Prep 15 mins
Cook 30 mins
This is wonderfully flavored Mexican rice. I love to serve it with chicken enchiladas. It is a must try if you love cilantro.
- 4 tablespoons butter
- 1 -2 jalapenos, chopped or 1 (4 ounce) canof chopped green chilies
- 3 cloves garlic, chopped
- 1⁄2 cup onion, chopped
- 2 cups long grain rice
- 4 cups chicken stock
- 1⁄2 teaspoon ground cumin
- 1⁄4-1⁄2 teaspoon salt
- 1⁄4-1⁄2 teaspoon pepper
- 1⁄2 cup chopped cilantro
- Saute in butter the garlic, onion and jalapenos until soft.
- Add uncooked rice.
- Stir constantly until rice is slightly brown.
- Pour in chicken broth.
- Stir in the cilantro, cumin, salt and pepper.
- Pour in a baking dish if you pan is not oven friendly. Cover with a tight fitting lid.
- Bake at 350 for 30- 45 minutes until rice is soft.
- Fluff and serve hot.
Great recipe! Served this with Chicken Enchiladas #23052 by Wendy W88. I prepared it on the stovetop as suggested by others, otherwise I didn't change a thing. Thanks for posting!

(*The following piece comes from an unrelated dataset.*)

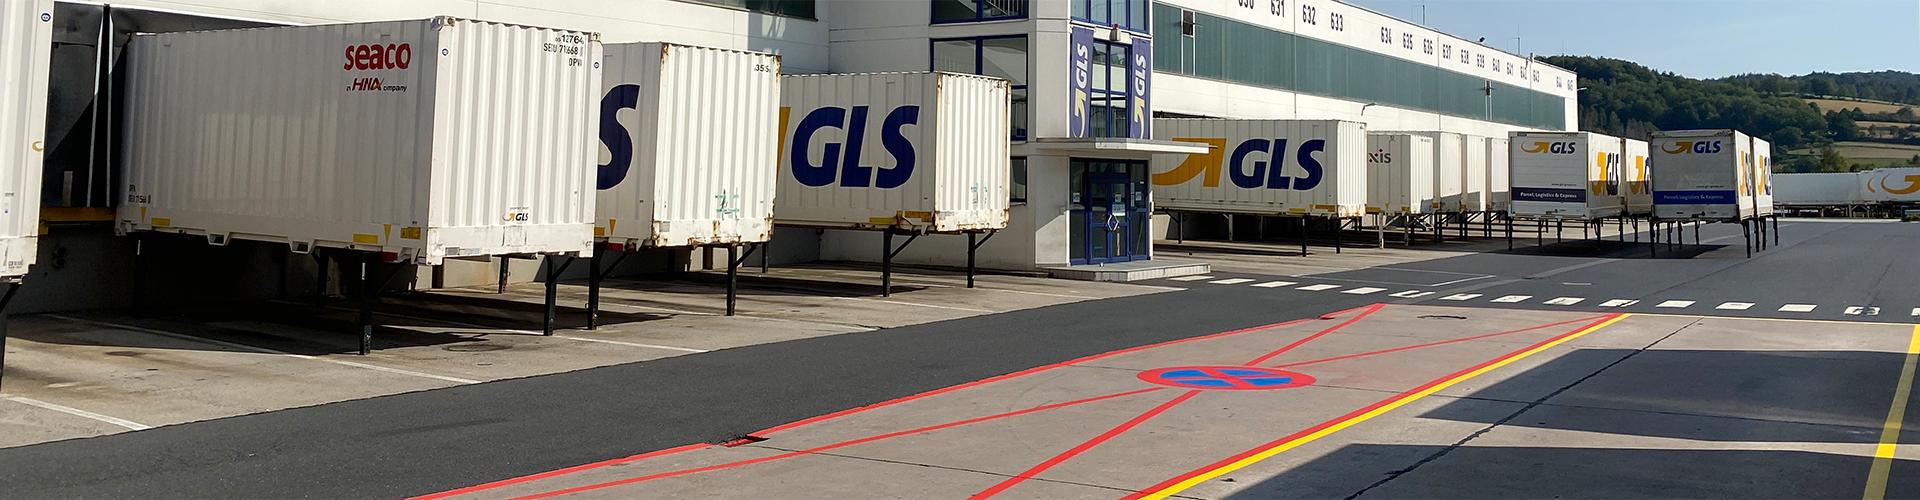 Werksmarkierung auf dem Gelände eines Logistikunternehmens

I can't handle spicy, HOWEVER, I made this yesterday, along w/157068 and I liked this one over that one! (I might combine the two dishes though!?) I used Poblano b/c it's milder and I really, really loved this!! Thanks
Delicious and not too hot! Knew we would like as has our favorite ingredients. Made as posted including in oven because I needed my skillet to make Chicken Avocado which goes perfectly with this. Next time I am going to try with brown rice.Thank you for posting.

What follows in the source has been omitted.